By Karl Vick
Washington Post Foreign Service
Tuesday, April 5, 2005; Page A14
MIDYAT, Turkey
On the day the genies show up, seemingly everyone in this historic town in southeastern Turkey heads for the door.
“On Black Wednesdays, you have to go to picnics and stay outdoors,” said Summeyye Saltik, 15, on the playground of the local primary school where attendance dipped, as it always does, on the second Wednesday in March. “If you’re indoors, genies will visit your house.”
Children in Midyat raise hands to indicate if they believe genies visit local houses. The belief is one of the last cultural remnants of the Yazidis, most of whom have left the town.
“Because the houses used to belong to them and they come to claim them,” added a classmate, Bushra Gokce.
“They can be anybody,” explained a third girl, Serap Ceylan. “They can be Muslims or anybody who lived here before.”
That makes the possibilities almost endless in Midyat, which over the centuries has been inhabited or visited by people of a vast assortment of faiths, including the Yazidis, the obscure sect that introduced the town to the springtime escapes of Black Wednesday.
But while the Yazidi wariness of house-haunting genies has spread to many other groups in the area, the number of Yazidis has dwindled considerably. Of about 5,600 Yazidis who lived in the area in the 1980s, only 15 are left.
Midyat, a town that predates Christianity and Islam, once reflected the deep diversity of a region where faiths overlapped and conquering armies advanced and retreated. Scholars say its very name may be a mix of Farsi, Arabic and Assyrian that translates as “mirror.”
But what this town of 57,000 reflects these days is a growing sameness. The Armenian Christians who built many of the old city’s medieval stone buildings disappeared in the early 20th-century conflict that Armenians and many historians have called genocide. The Assyrian Christians who long accounted for the majority in Midyat have been reduced to just 100 families.
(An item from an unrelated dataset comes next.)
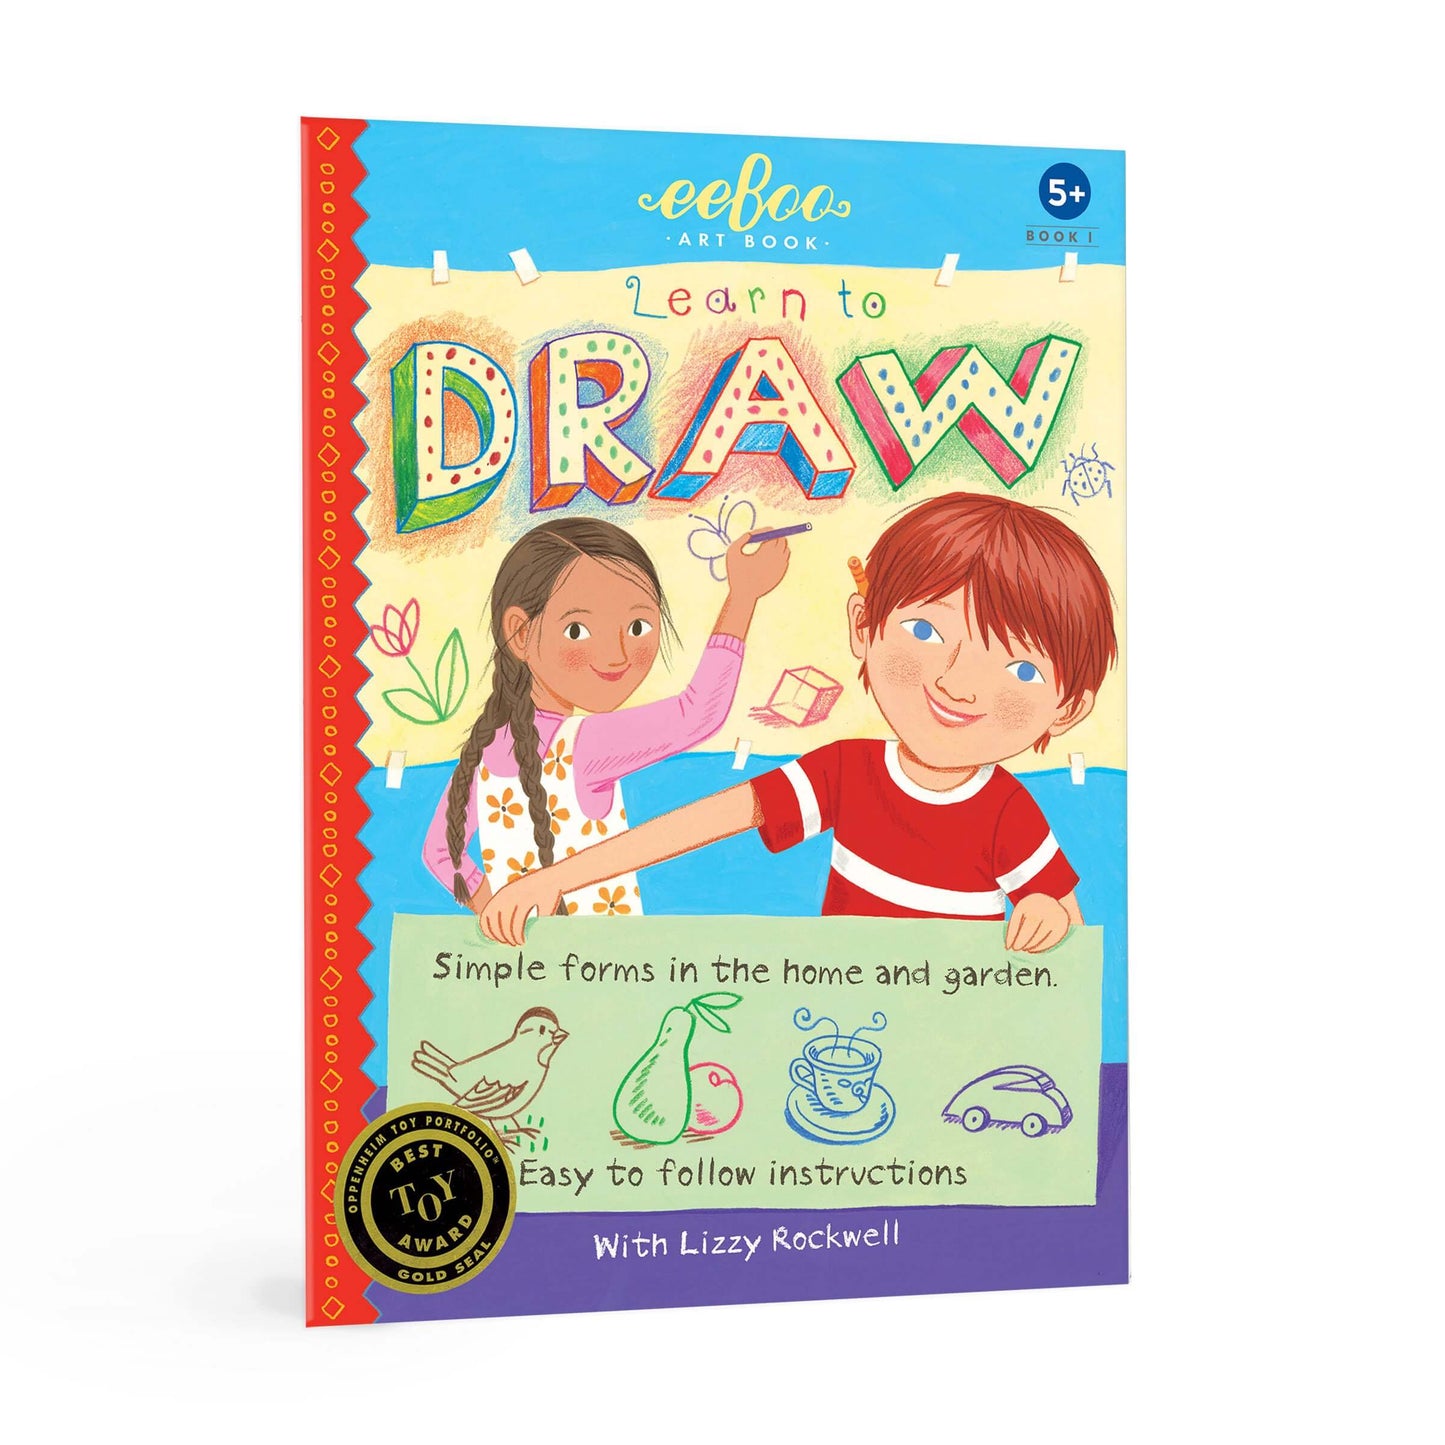 Learn to Draw Simple Forms with Lizzy Rockwell by eeBoo Kids Eeboo Prettycleanshop

As for the Yazidis: “They were not causing any problems, but it was still better that they left,” said Nazete Koksal, an ethnic Kurd seated on a sofa under the arched stone roof of a house her husband, an Arab, bought from a Yazidi family.
“They’re dirty,” Koksal said. “Their religion is dirty. They pray to the devil. We pray to God.”
Still, she expressed some nostalgia for the days before so many groups fled her city. “Before they left, we used to be friends,” she said.
In some ways, present-day Midyat reflects the founding principles of modern Turkey. Rising from the ruins of the Ottoman Empire, an Islamic sultanate that tolerated religious minorities as second-class citizens, the Turkish republic was founded on a fierce assertion of national identity. The concept of Turkishness rooted the new nation-state firmly in the hills of the Anatolian peninsula once known as Asia Minor. But it also denied the notion of any other identity existing there.
More than 80 years after the republic was formed, anti-minority feelings can run close to the surface. Last year, an ultranationalist literally tore to pieces a human rights report on minorities before television cameras. In eastern Turkey this month, unemployed youths were hired to portray Armenians in a civic skit depicting a conflict with Turks that was more even-handed than history suggests; municipal workers reportedly had refused to take part.